My ideas just 'come to me.' How do they come? Hmmm. Well, did you ever play 'pretend' as a kid? That's what I do all the time, even now. It's not so much a stream of ideas as a stream of images and 'videos.' 

But there's some things that cause creative spikes: I've noticed that watching a play almost always does. Sometimes movies, too, particularly very trope-y, genre movies with a lot of flashy visuals. I think it's because my brain can start wandering and 'going' even while I'm watching the movie or play, whereas a book demands total commitment. Cliches or riffs off of cliches help me generate ideas, for whatever reason. The more trope-heavy the movie, the more inspiring (?). Not really sure why. Also, Far Side comics. Seriously! I think it's the use and spoofing of tropes, plus the weirdness. I will have mounds of story ideas after reading through a couple pages of Far Side. 
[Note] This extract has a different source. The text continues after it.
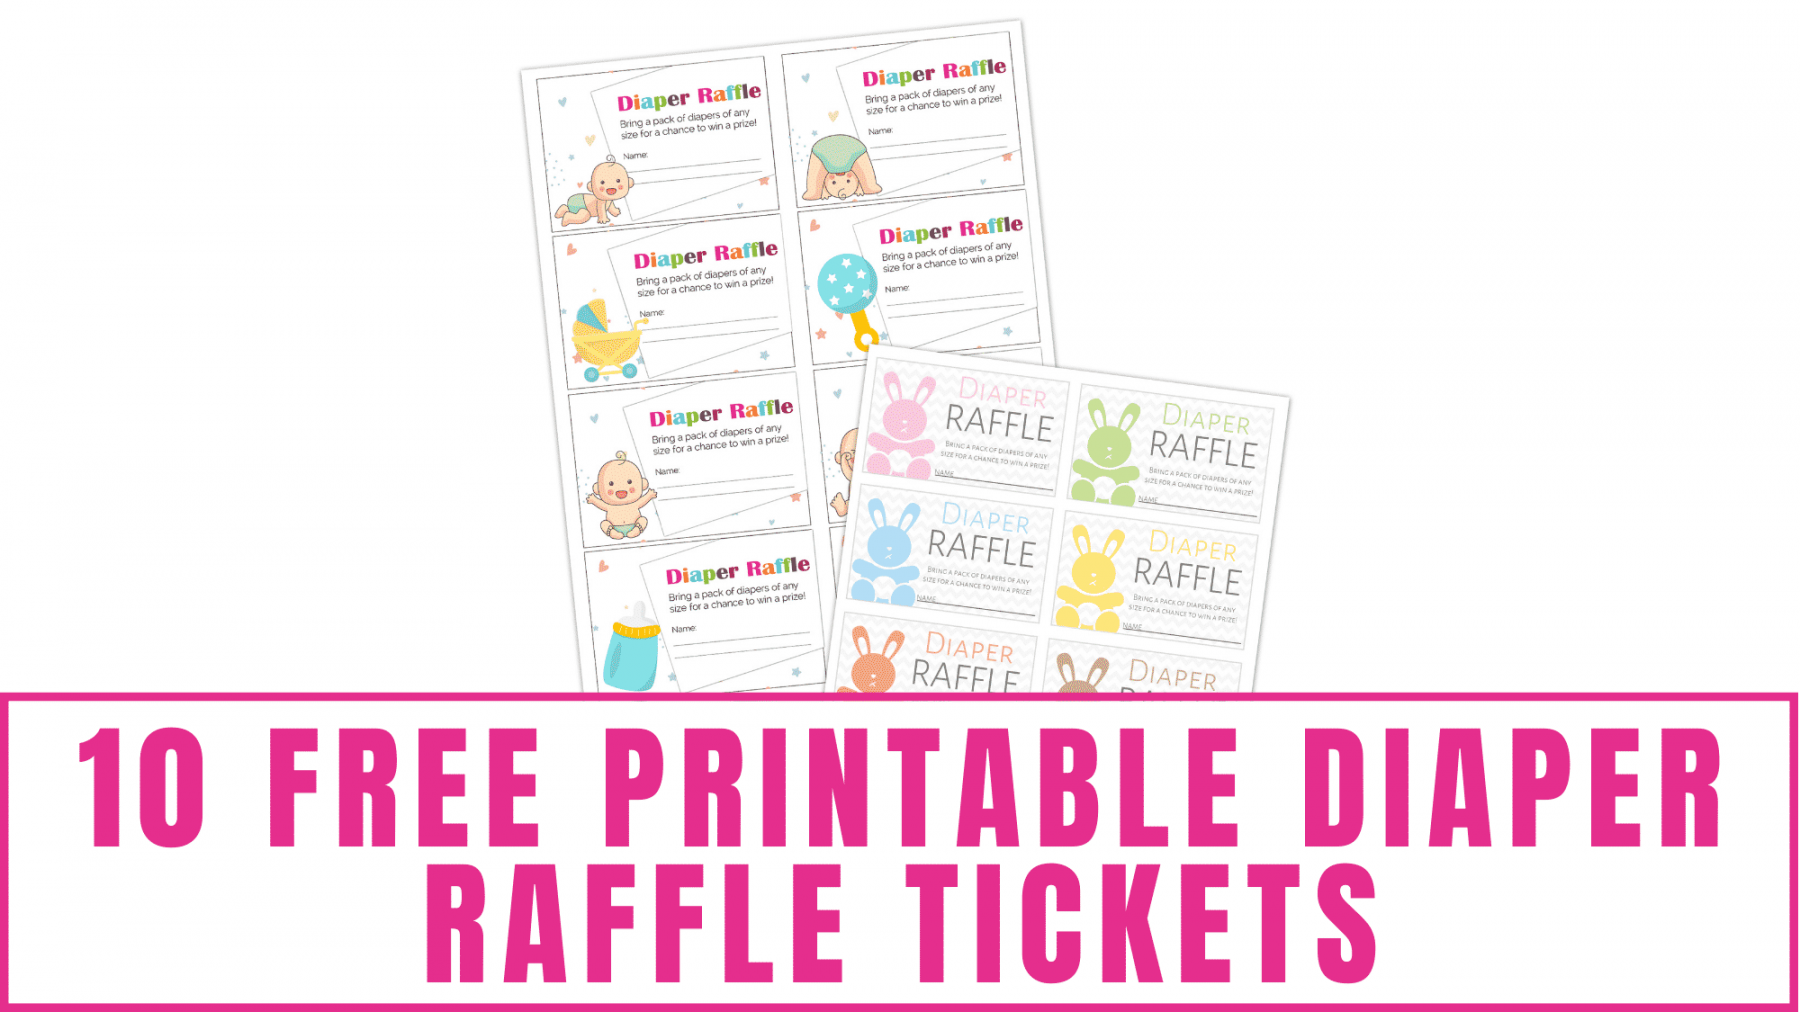 Free Printable Diaper Raffle Tickets - Freebie Finding Mom - FREE Printables - Diaper Raffle Tickets Printable Free

Late nights. Being physically tired. Doing math while tired. Camping or being in new places. Lying on the ground. Sometimes I'll read a book or story, and think, 'I could do that, but better/different.' That's always a good starting point. Sometimes it's just putting characters in a situation, and seeing what they do - though I'll admit I haven't created any good stories from that method, some authors swear by it and I do it for fun ("what if x and x met on a bus and started debating theology?").
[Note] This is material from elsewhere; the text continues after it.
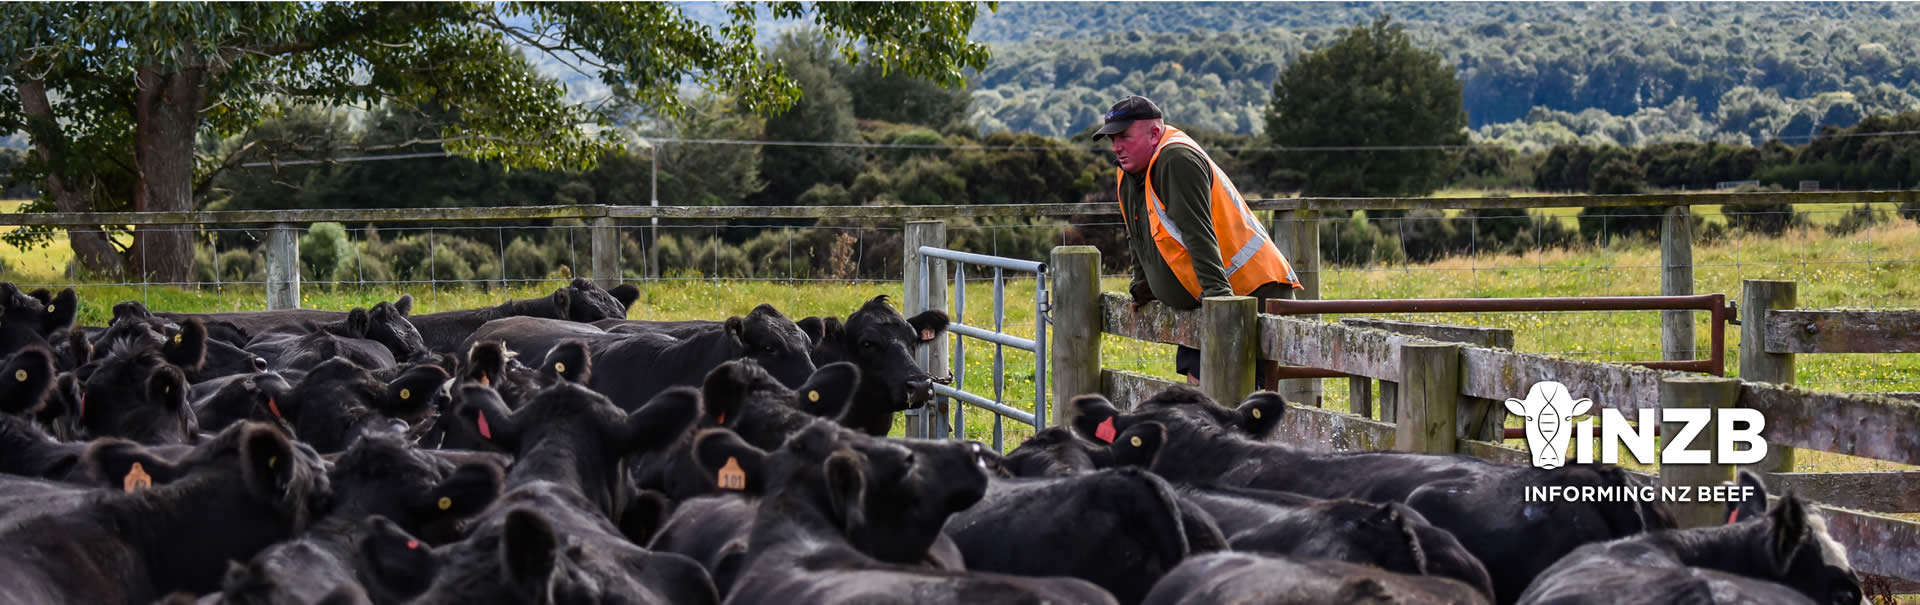 Beef farm New Zealand

'Write what you like to read' is good advice. There's not enough dinosaur stories, so I write them. I also think Christian cosmic horror should be a genre (this one's harder, but I'm working on it).  

One thing that I've noticed is that thinking about 'being a writer,' or dwelling on what people may eventually think of a story, kills ideas in their genesis. The first is a waste of time always; the second is for the revision stage. Just pick something, write it, work out the rest later. If it's narrowing down ideas you're having trouble with, pick the easiest one first so that you can get writing right away (ideas that require a lot of research, for example, can be saved until you're more in the groove of writing and idea generation. I have a story that involves the FBI on the back burner because I'm not ready for something that grounded yet). 

Good luck!


----------



## Davi Mai (Sep 1, 2020)

Nearly all my ideas come to me in the shower. Just thinking  "what if?"  Some also come to me after the second beer. Its really important to note those down, because they disappear after the fourth beer :-(


----------



## Theglasshouse (Sep 1, 2020)

The what if question is good for thinking and plotting in any genre. Reading short stories and combining that short story with your own story idea can produce a new story. I borrowed or stole an idea from a short story and then I made it my own by making it into a science fiction premise. I have used what if question to find more answers as to what is the plot and brainstormed the plot this way.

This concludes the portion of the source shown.